Now, the word “ak” meant “to die” in Hittite. But Jaan Puhvel, in his Hittite Etymological Dictionary relates it to the word “tombstone”, by tracing the Venetic funerary expressions.

Therefore, the words “šivai:aker” would mean “this:tombstone” and if I am right about this, I have just determined the sound value of the ideogram STELE! My humble contribution to the Hittite corpus via the stele from Lemnos!

The word tavaršiu could relate to “tawara”, attested in Karkamiš inscription, with the meaning “standing”. Source: Luwian Corpus

Therefore, “aker:tavaršiu” would mean “tombstone:stands”

A.7. vanalasial:šerunai:murinail

According to Paleolexicon.com, the word “wana” means “tomb” in Lydian. As for the sufix “lasial”, Wikipedia article on Lemnos stele considers the “si” ending” as a form of dative.

Therefore, wanalasi, could perhaps mean “wanala-si” – “his tomb”.

We have already said that the word “šerunai” could mean “above”. On the other hand, the word “murinail” could mean “the dead, deceased”:

The meaning of this line would therefore be: “on his tomb, above the deceased”

The side inscription

B.1.hulaieši:φukiasiale:šerunaiθ:evisθu:tuveruna

The word φukiasiale is already translated as Phocians by other authors. I was not able to find any alternatives, but the reason I decided to keep it is as it makes sense in the context.

Now we know the first four words, and the translation would be: “Soldier of Phocis, above you I saw…”

The last word is “tuveruna” but due to the lack of space on the stele it probably continues in the next line which starts with “rum”. Therefore the whole word would be “tuverunarum

The best translation I could find for this one is the Lycian “tuwere” – celebrant

B.2.rum:haraliu:šivai:eptešiu:arai:tiš:φuke

In the second line, we skip the word “rum” and start with “haraliu“. In Hittite “hara” means “eagle”. Source: Hitite Lexicon

It looks like the previous sentence ends here. The meaning is “Above you I saw the glorious eagle”.

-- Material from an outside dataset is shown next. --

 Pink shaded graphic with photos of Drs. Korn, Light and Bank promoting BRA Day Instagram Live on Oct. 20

We saw already that “šivai” means “this”. The word “eptešiu” could mean “epitaph”. This is even more clear from the context that follows. The word “epitaph” comes from Ancient Greek ἐπιτάφιος (epitáphios, “relating to a funeral”), from ἐπί (epí, “over”) + τάφος (táphos, “tomb”).

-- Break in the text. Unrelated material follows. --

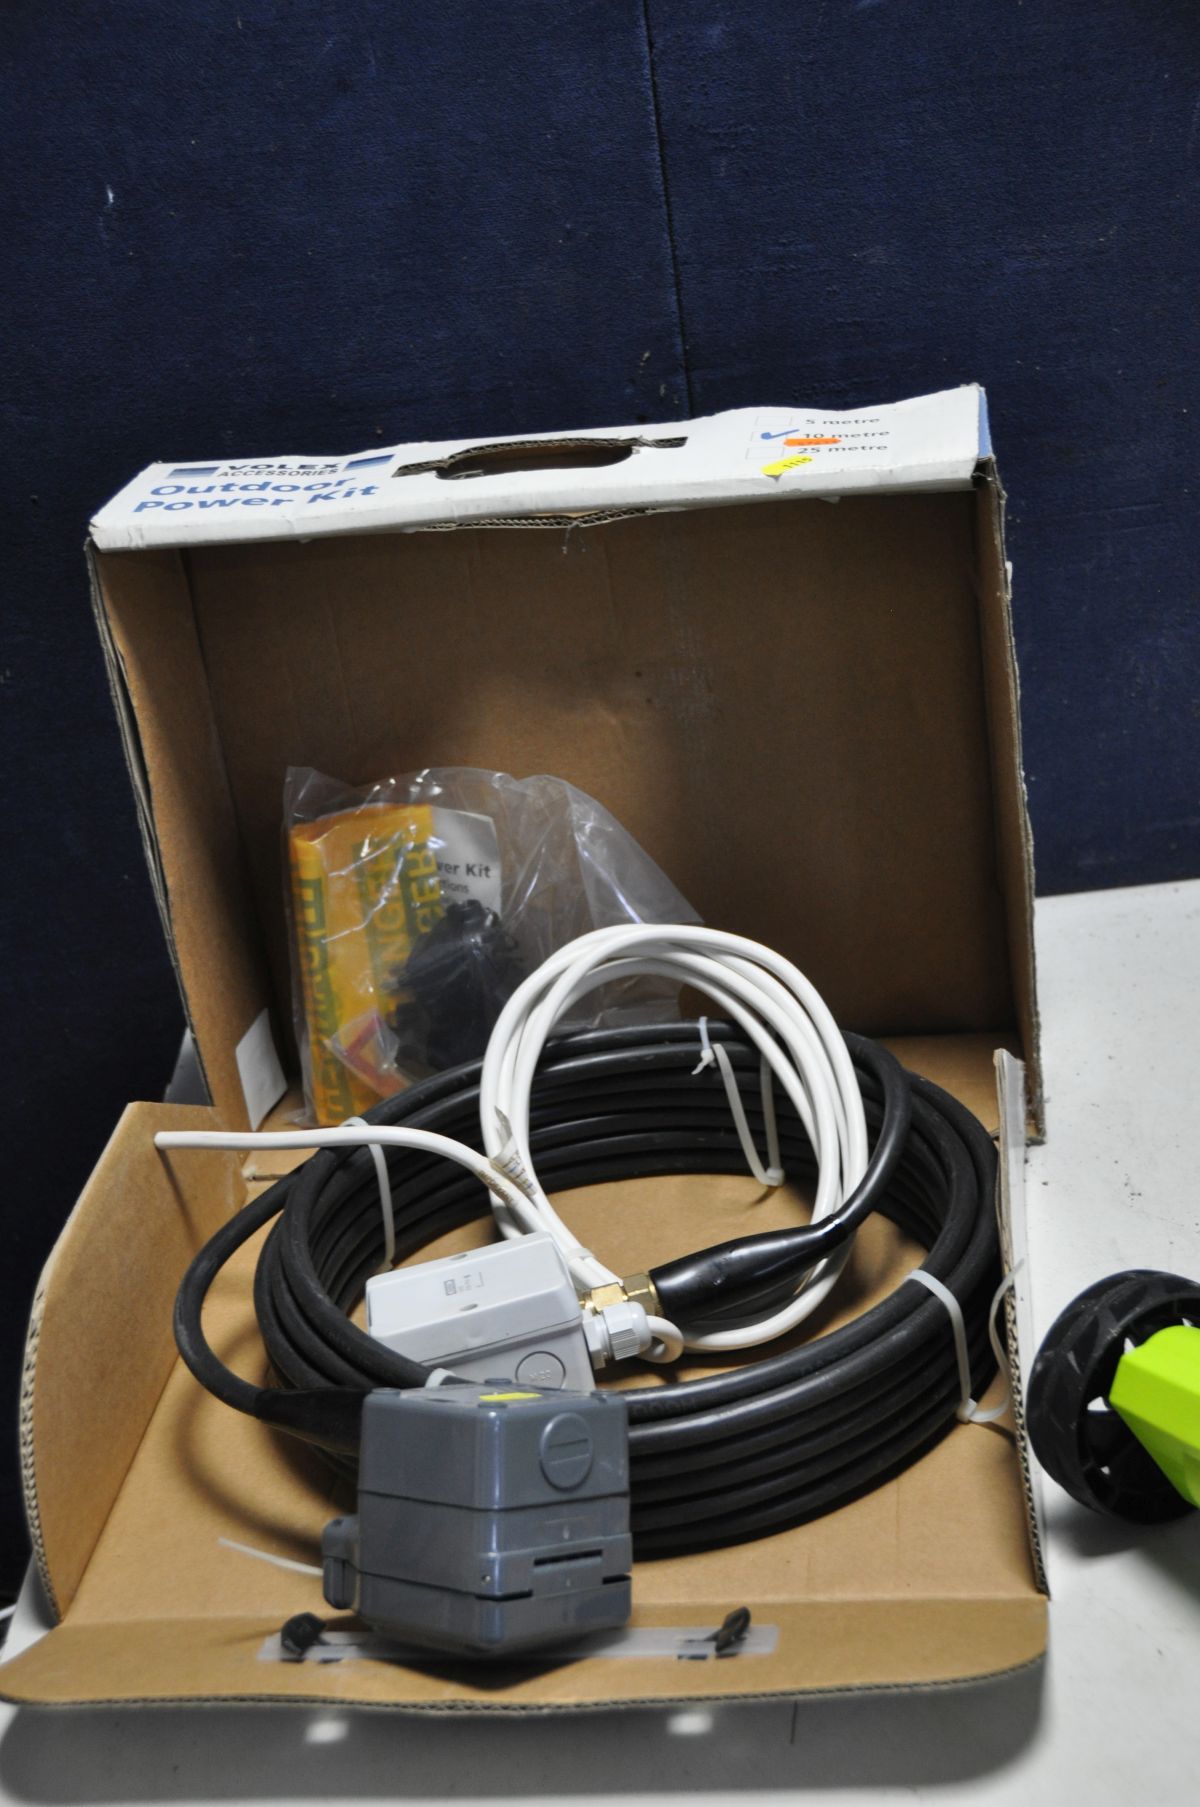 A VOLEX 10m OUTDOOR POWER KIT in box with a Garden Gear weed sweeper (PAT pass and working) (2) - Bild 2 aus 3

The word “arai” is another spot-on match in Hittite. It means “raised”.

And the same is valid for “tiš”, meaning “your”. No doubt, we are dealing with the Hittites here.

Based on the context, the final word “φuke” would mean simply “Phocian”. And the whole sentence means: “This epitaph was raised by your Phocian”

šivai:aviš:sialχviš:marašm:aviš:aumai

And finally we have:

šivai – this,
aviš – omen (here with the meaning of memento)
Sialxviš – to Sialxveiš (note the different ending, indicating change of declination)
marašm – the spearmen (or a similar hand-arm carrier) Again note the change of ending with extra “m” at the end.
aviš – omen (“is the omen” perhaps)

and aumai – from Hittite “aui” to see, which I translated “you see” (plural).

Conclusion

This article is already way too long, but there are some really important implications of this research that I need to mention.

Even the youngest phase of the Hittite language dates to the period 1430–1180 BC. On the other hand, the Lemnos dates to the 6th century BC, officially. The dating could be off though, as stones are difficult to date with certainty.

But a long time ago, the island of Lemnos was indeed under the Hittite influence. This is a fact. Later, it was the home of the Amazons, whose origins go back to more or less to same region of Turkey Could it be that the language of the Hittites survived on this small island, too small to have their own language anyway? At least until the arrival of the Greeks in the 6th century BC.

But then, what were their relations with the Etruscans, whose language is said to be similar to that of Lemnos? And who were the Phocians, the founders of Delphi – a mountainous oracle whose name comes from the word for dolphin? Moreover, why is the Greek city of Lamia in this territory and does it have the same meaning as Lemnos?

Too many important questions for this short article. So let us just conclude with a quote from Herodotus, who stated that Minyae (Minoans?) had settled Lacaedemonia from Lemnos.